I've been living with mostly clean eating habits ranging from moderately paleo to vegetarian and often vegan all the while attempting to eat heart-healthy and nutritious whole foods for just over a year now. Total weight loss to date is hovering between 57 and 60 pounds depending on the day of the week and my A1C remains in the healthy, non-diabetic range fluctuating between 5.5 and 5.7. There is still a long way to go before I reach my goal weight but I'm feeling so much better these days – which is good because work stress really hasn't let up and it would be so easy to not just slip but fall off the wagon altogether if I didn't have these health successes giving me much needed strength. 

Delivery I can get behind

So when Sun Basket reached out to me to say that they would love to have me test out their service and provide feedback, I was totally intrigued by the idea and after perusing their website, gave an enthusiastic, "I'm in!
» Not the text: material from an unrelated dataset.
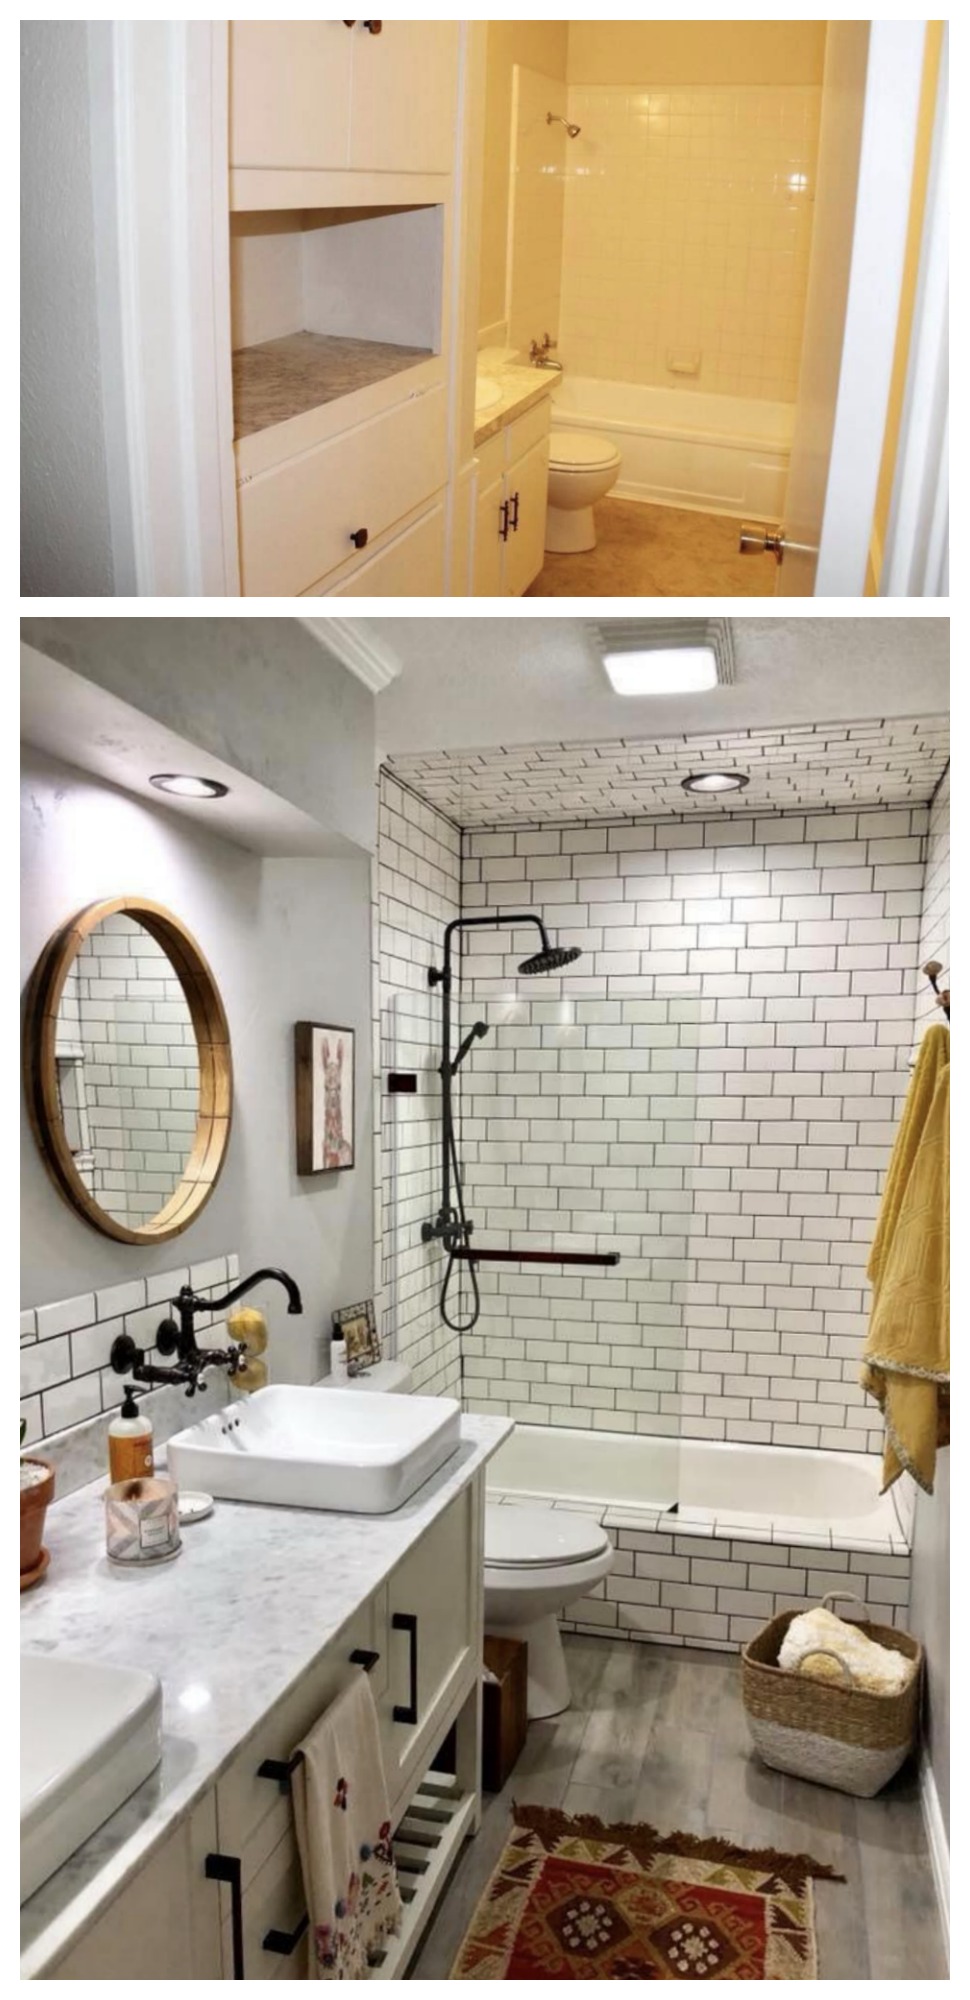 Bathroom BEFORE and AFTER!
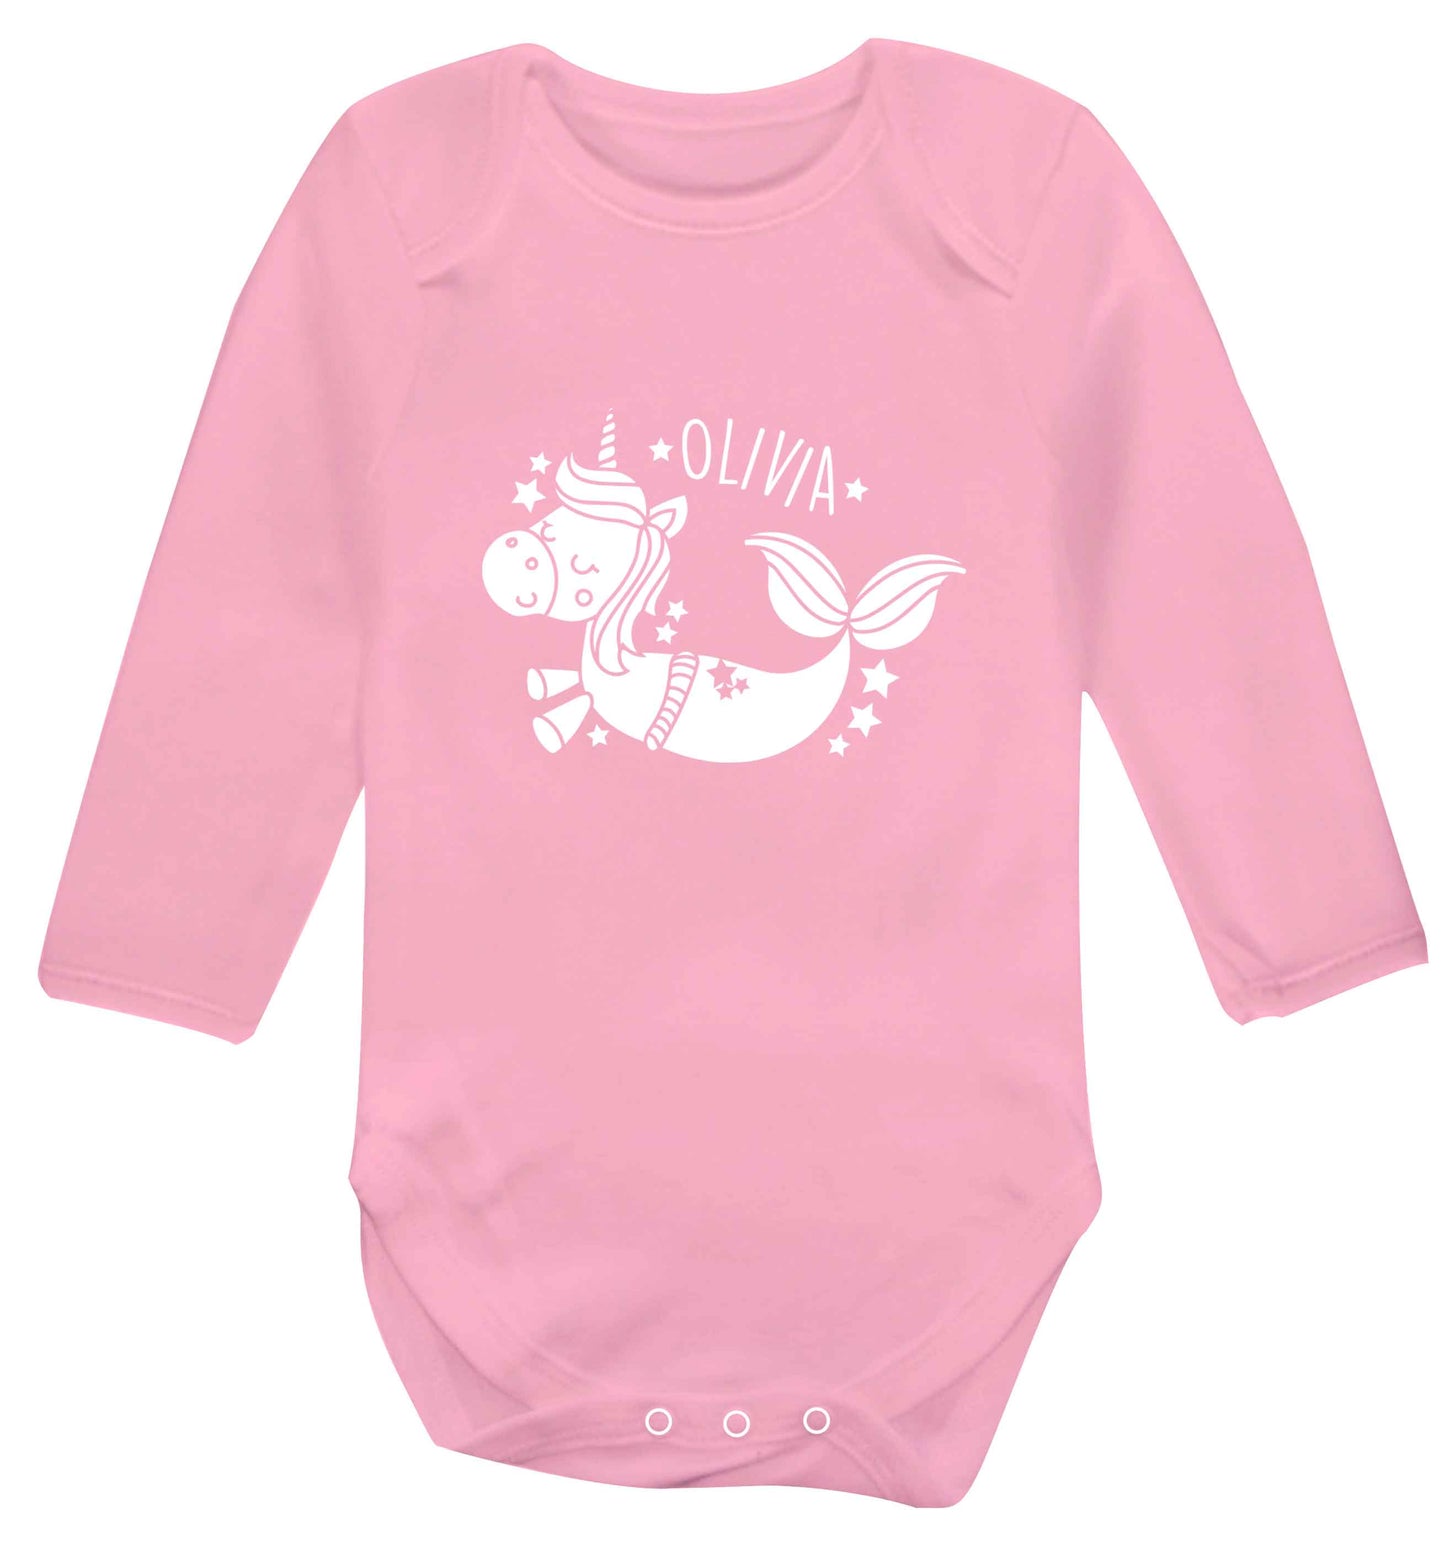 Unicorn mermaid - any name baby vest long sleeved pale pink 6-12 months

Send me a box."

What is Sun Basket? 

It's a healthy cooking service that incorporates pre-measured organic produce, line-caught seafood, and responsibly raised animals into easy to follow recipes delivered to your door weekly. Based in San Francisco, this subscription service sources out ingredients from independent farmers, ranchers and fisherman here on the West Coast. Growing quickly, they now deliver to California, Arizona, Nevada, Utah, Colorado, Oregon, Washington and Idaho. The service is three recipes with pre-measured ingredients delivered weekly and you choose whether you want to serve 2, 4 or 6 people with your plan. You can choose between chef's choice, paleo-friendly, gluten-free or vegetarian options.

Here's a screen shot of the menu for July 13, as an example (click on photo to see larger version): 

Don't they all look delicious?? I especially want that chickpea burger now! 

The recipes are quick – most can be made start to finish from 30 to 50 minutes – healthy, and my favorite part, there is no thinking involved because all the ingredients, except for the few pantry ingredients like salt, pepper, butter, oil, etc., come pre-measured for each recipe.

The recipes I tested were the Spicy Vegetarian Pozole. Here's my Instagram of it:

I also had this Roast Chicken with Heirloom eggplant and Melon Salad (chef's choice)

And this paleo selection of Steak and Chimichurri with Swiss Chard

It took a few bites to get into the eggplant and melon combo but it was nonetheless a good meal. The steak was packed with flavor after rubbing it with the included spice mix and the leftover chimichurri was an excellent topping to my eggs the next day for breakfast.

The only meal I cooked on a weekend so I was able to photograph for you was the pozole which was fortuitous because it was by far my favorite meal (and yay! I got permission to share the recipe with you so be sure to scroll all the way to the end of this post for it).

So here's what the recipe cards look like:

You get a photo of what the finished dish will look like on one side.

Along with a headnote, the front of the card also tells you prep time, cook time, calories and servings.

The back side is divided into three panels with the ingredients panel on left telling you what to use from your basket, from your pantry, any special tools involved and a link to view the recipe online. The other two panels include easy to follow directions along with helpful tips specifically about the recipe or a cooking technique explained. The recipes are written clearly enough for any level of cook to be able to follow along confidently.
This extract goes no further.